Skip the pictures. Give all the data again exactly.
BEGIN LISTED RECORDS
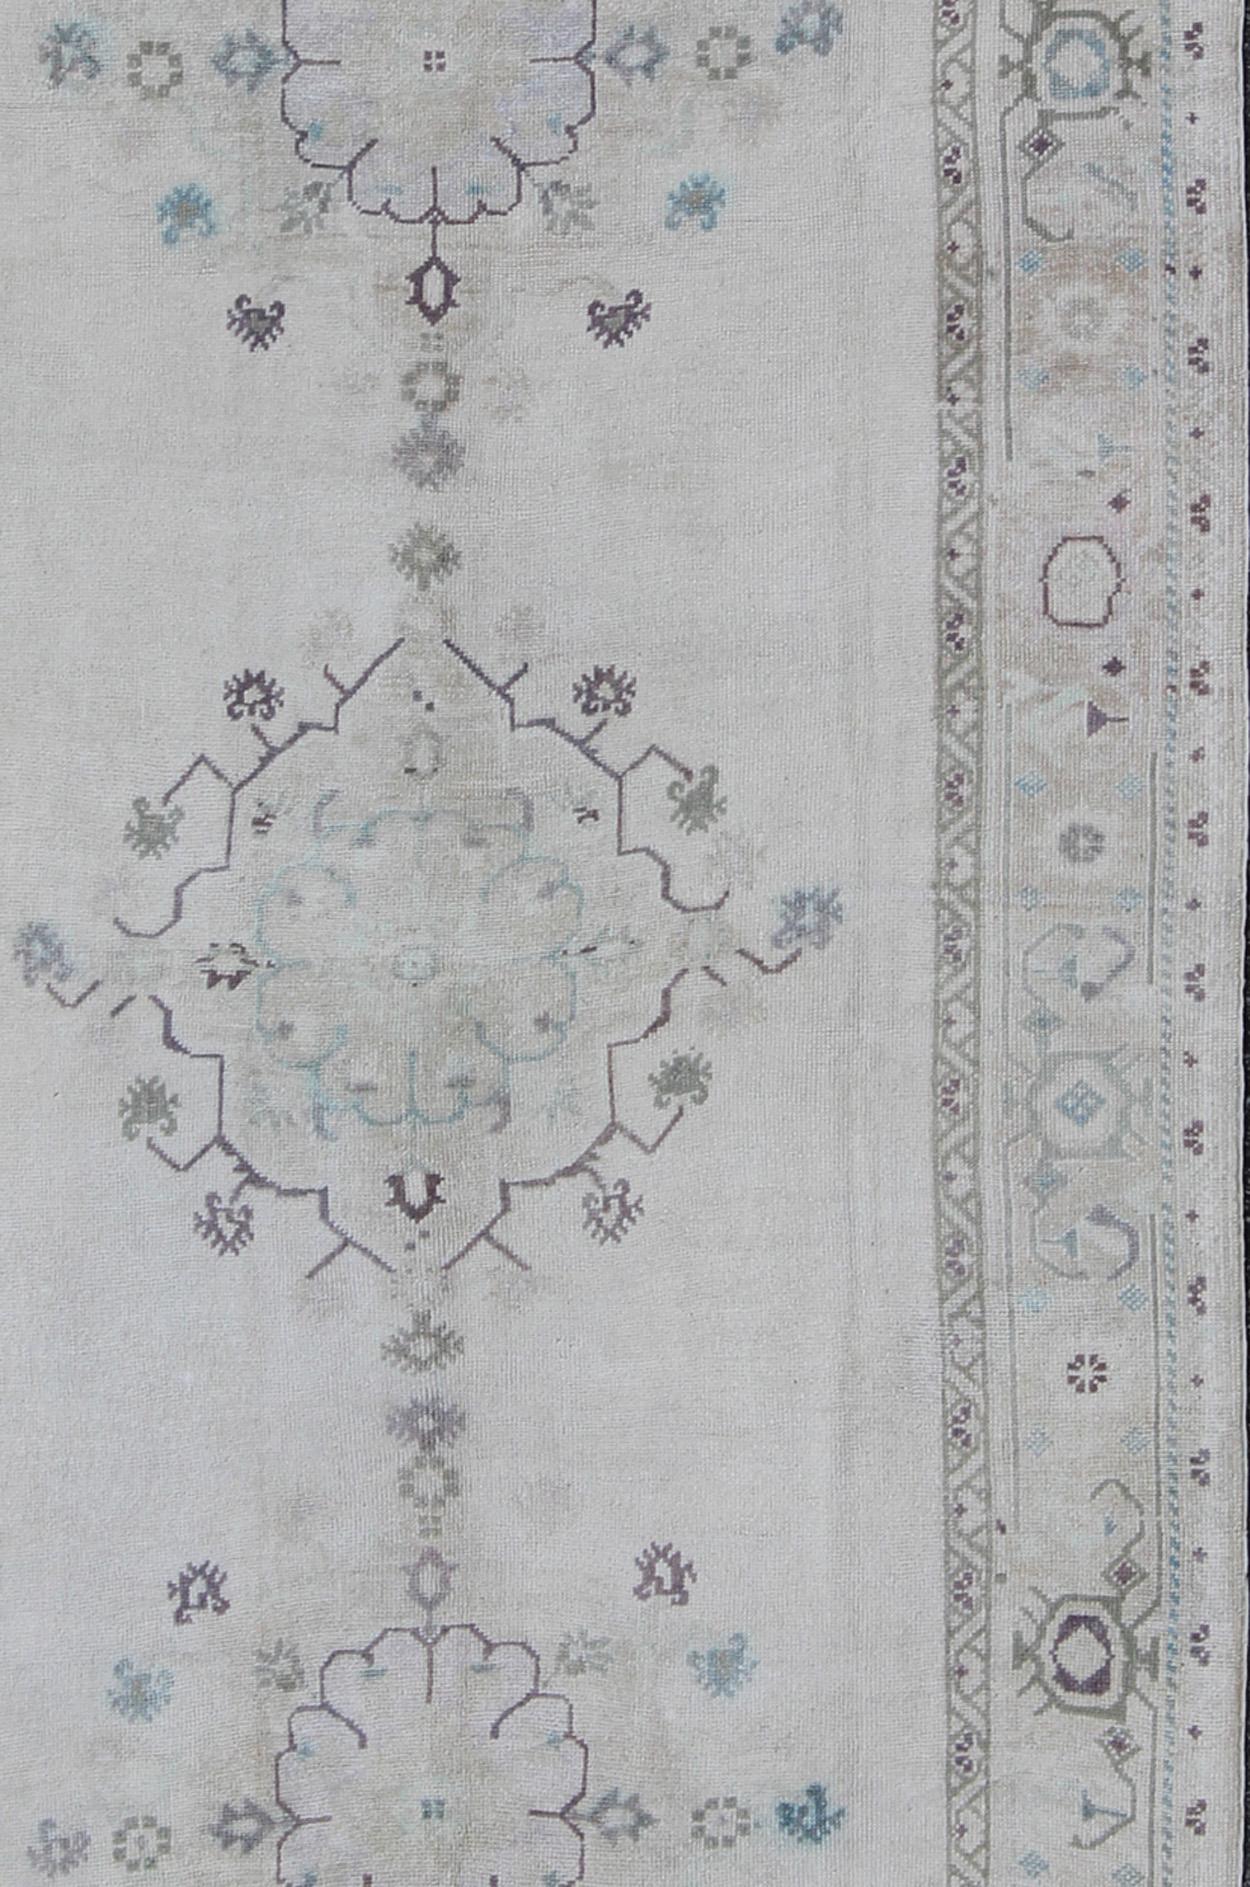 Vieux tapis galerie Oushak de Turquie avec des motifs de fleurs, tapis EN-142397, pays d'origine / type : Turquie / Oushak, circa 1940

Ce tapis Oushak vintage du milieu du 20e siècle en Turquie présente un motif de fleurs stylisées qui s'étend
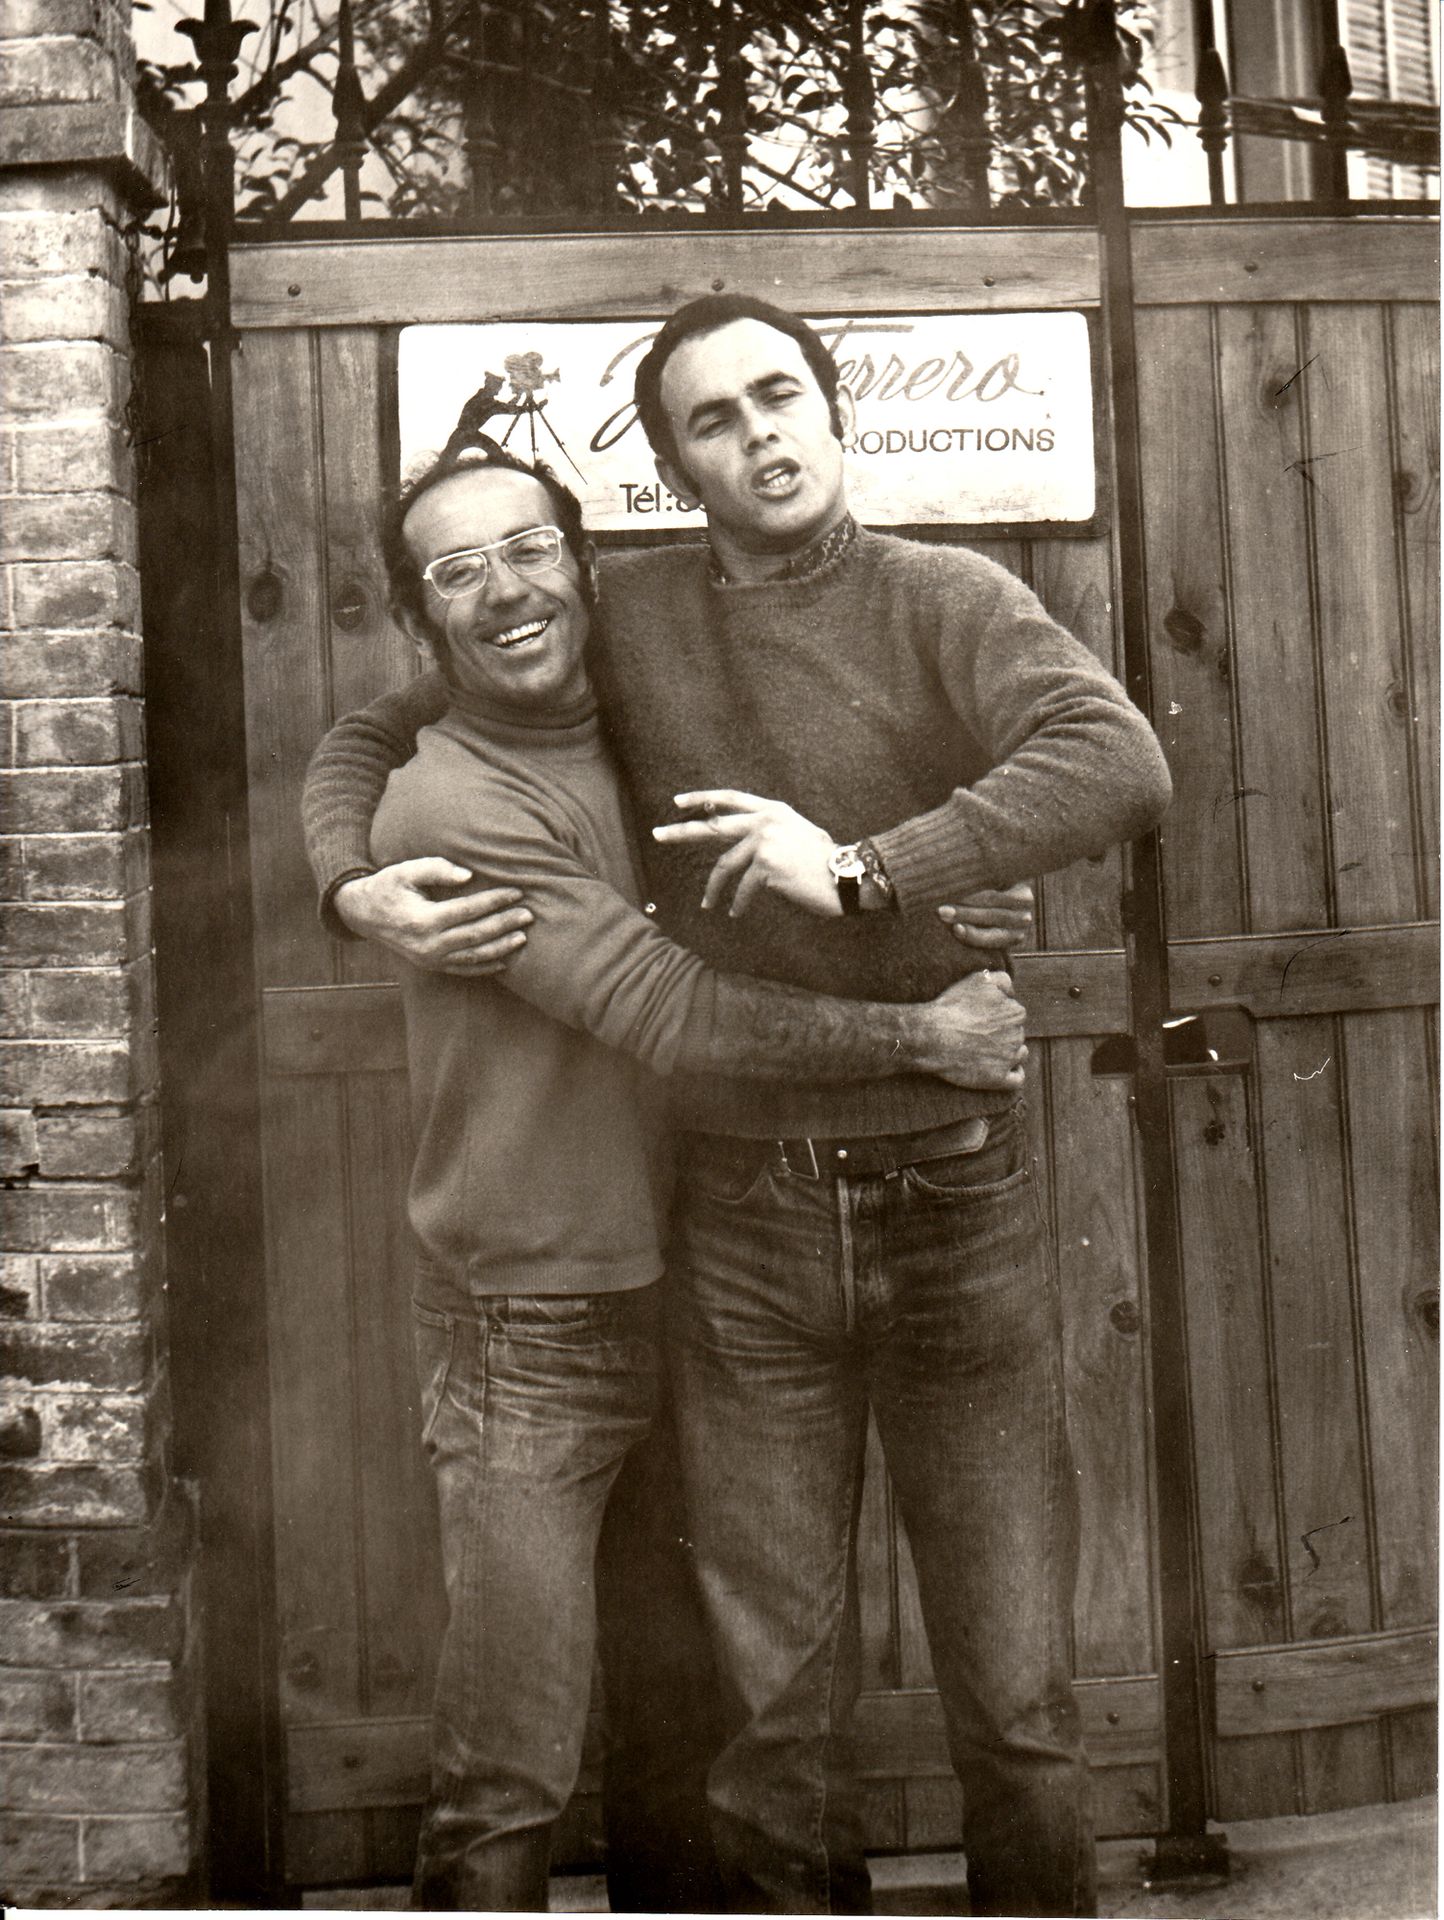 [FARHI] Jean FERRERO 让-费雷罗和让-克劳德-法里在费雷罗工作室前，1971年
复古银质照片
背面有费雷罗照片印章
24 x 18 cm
END LISTED RECORDS
ANSWER FOR THE TASK:
 Vieux tapis galerie Oushak de Turquie avec des motifs de fleurs, tapis EN-142397, pays d'origine / type : Turquie / Oushak, circa 1940

Ce tapis Oushak vintage du milieu du 20e siècle en Turquie présente un motif de fleurs stylisées qui s'étend
 [FARHI] Jean FERRERO 让-费雷罗和让-克劳德-法里在费雷罗工作室前，1971年
复古银质照片
背面有费雷罗照片印章
24 x 18 cm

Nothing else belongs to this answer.